Available records:
*** Begin section ***
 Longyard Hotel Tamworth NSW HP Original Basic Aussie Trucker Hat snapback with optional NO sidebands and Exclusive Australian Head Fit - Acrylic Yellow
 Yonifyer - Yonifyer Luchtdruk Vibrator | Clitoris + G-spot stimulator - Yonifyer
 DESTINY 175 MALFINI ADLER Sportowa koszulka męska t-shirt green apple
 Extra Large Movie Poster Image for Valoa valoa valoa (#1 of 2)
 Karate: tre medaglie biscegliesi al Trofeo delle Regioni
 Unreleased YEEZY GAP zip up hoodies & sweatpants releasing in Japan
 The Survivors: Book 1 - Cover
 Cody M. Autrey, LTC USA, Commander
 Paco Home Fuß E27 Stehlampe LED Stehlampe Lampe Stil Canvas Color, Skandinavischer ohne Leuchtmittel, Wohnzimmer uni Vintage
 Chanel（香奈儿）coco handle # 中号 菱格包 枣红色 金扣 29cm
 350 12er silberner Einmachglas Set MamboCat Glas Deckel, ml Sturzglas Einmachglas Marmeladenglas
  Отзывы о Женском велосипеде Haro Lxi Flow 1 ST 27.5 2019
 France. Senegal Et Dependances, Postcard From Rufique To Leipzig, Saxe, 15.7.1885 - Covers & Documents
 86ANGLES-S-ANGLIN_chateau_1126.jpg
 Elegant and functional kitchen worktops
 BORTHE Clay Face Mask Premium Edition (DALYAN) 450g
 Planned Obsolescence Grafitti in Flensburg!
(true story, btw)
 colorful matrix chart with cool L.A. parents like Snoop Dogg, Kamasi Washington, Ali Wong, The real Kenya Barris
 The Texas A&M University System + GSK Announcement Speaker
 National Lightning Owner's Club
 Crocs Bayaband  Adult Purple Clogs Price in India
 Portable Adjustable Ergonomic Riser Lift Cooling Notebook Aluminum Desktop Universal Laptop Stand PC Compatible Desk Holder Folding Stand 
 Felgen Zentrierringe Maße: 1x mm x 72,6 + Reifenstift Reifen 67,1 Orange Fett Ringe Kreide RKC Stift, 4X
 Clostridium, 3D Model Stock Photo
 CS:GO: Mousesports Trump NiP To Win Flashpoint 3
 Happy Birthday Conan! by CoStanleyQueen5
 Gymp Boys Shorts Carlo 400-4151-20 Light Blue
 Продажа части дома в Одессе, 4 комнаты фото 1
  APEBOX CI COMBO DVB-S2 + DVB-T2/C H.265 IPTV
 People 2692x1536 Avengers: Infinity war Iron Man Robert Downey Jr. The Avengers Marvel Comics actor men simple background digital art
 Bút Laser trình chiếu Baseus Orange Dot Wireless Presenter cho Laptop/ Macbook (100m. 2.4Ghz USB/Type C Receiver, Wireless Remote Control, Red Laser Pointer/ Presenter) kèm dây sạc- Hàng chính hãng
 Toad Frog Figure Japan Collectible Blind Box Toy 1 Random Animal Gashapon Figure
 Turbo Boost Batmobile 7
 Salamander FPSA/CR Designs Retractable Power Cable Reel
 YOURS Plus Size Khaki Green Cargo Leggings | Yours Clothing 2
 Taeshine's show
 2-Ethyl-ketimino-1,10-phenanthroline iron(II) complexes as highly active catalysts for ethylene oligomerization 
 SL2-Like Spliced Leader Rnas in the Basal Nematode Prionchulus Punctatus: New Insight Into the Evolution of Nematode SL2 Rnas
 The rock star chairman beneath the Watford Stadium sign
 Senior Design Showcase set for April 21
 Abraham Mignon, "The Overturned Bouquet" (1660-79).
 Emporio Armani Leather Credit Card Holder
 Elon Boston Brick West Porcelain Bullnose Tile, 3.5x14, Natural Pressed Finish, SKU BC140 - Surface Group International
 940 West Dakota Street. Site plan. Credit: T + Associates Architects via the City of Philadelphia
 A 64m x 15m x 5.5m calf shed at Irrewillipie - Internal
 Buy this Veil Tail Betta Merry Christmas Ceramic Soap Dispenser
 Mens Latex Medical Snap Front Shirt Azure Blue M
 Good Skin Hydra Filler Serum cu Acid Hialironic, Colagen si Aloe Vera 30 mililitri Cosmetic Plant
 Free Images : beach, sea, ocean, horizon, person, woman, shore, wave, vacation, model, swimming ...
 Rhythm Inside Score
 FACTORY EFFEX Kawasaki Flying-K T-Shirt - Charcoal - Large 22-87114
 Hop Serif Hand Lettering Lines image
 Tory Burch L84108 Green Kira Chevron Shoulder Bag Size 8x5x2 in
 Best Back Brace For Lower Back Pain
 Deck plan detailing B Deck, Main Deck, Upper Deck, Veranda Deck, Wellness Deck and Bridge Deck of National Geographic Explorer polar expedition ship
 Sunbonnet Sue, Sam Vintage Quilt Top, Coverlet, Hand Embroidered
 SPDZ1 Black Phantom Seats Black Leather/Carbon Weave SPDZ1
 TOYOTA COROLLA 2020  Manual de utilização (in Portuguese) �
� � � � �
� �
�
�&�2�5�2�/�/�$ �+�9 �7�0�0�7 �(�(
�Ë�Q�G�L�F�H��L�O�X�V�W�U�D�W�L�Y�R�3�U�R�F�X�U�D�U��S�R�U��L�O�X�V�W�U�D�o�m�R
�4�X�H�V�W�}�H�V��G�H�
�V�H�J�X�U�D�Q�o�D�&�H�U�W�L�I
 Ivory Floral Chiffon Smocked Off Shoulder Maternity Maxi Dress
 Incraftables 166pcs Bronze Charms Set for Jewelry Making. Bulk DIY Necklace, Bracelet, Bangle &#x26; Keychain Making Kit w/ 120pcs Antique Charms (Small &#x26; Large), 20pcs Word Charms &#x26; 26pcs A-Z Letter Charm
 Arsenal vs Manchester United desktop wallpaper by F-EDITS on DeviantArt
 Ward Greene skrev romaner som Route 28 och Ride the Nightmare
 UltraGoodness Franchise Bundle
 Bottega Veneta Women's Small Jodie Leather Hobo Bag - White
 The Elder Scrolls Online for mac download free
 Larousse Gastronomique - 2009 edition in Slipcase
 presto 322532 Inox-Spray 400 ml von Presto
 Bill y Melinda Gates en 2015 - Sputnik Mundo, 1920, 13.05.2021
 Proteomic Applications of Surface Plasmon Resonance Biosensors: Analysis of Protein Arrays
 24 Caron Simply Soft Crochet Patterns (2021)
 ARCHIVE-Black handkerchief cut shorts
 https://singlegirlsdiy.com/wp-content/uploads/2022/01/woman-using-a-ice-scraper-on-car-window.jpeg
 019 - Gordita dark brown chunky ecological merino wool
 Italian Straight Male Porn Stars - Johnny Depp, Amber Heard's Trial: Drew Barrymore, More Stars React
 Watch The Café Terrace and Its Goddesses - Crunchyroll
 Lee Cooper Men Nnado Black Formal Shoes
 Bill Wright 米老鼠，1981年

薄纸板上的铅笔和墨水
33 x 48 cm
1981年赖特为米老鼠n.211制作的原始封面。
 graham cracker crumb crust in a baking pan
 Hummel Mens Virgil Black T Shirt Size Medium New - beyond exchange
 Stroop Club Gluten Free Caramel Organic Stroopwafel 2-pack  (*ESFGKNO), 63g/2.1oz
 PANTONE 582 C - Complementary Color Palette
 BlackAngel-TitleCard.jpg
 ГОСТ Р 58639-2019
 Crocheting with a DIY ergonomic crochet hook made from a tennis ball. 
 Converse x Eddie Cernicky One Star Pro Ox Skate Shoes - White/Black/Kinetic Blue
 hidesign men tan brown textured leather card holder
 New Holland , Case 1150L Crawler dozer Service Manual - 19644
*** End section ***
What you should do:
The word "Credit" appears in some lines above. Return every one of those lines.

Your response:
 Emporio Armani Leather Credit Card Holder
 940 West Dakota Street. Site plan. Credit: T + Associates Architects via the City of Philadelphia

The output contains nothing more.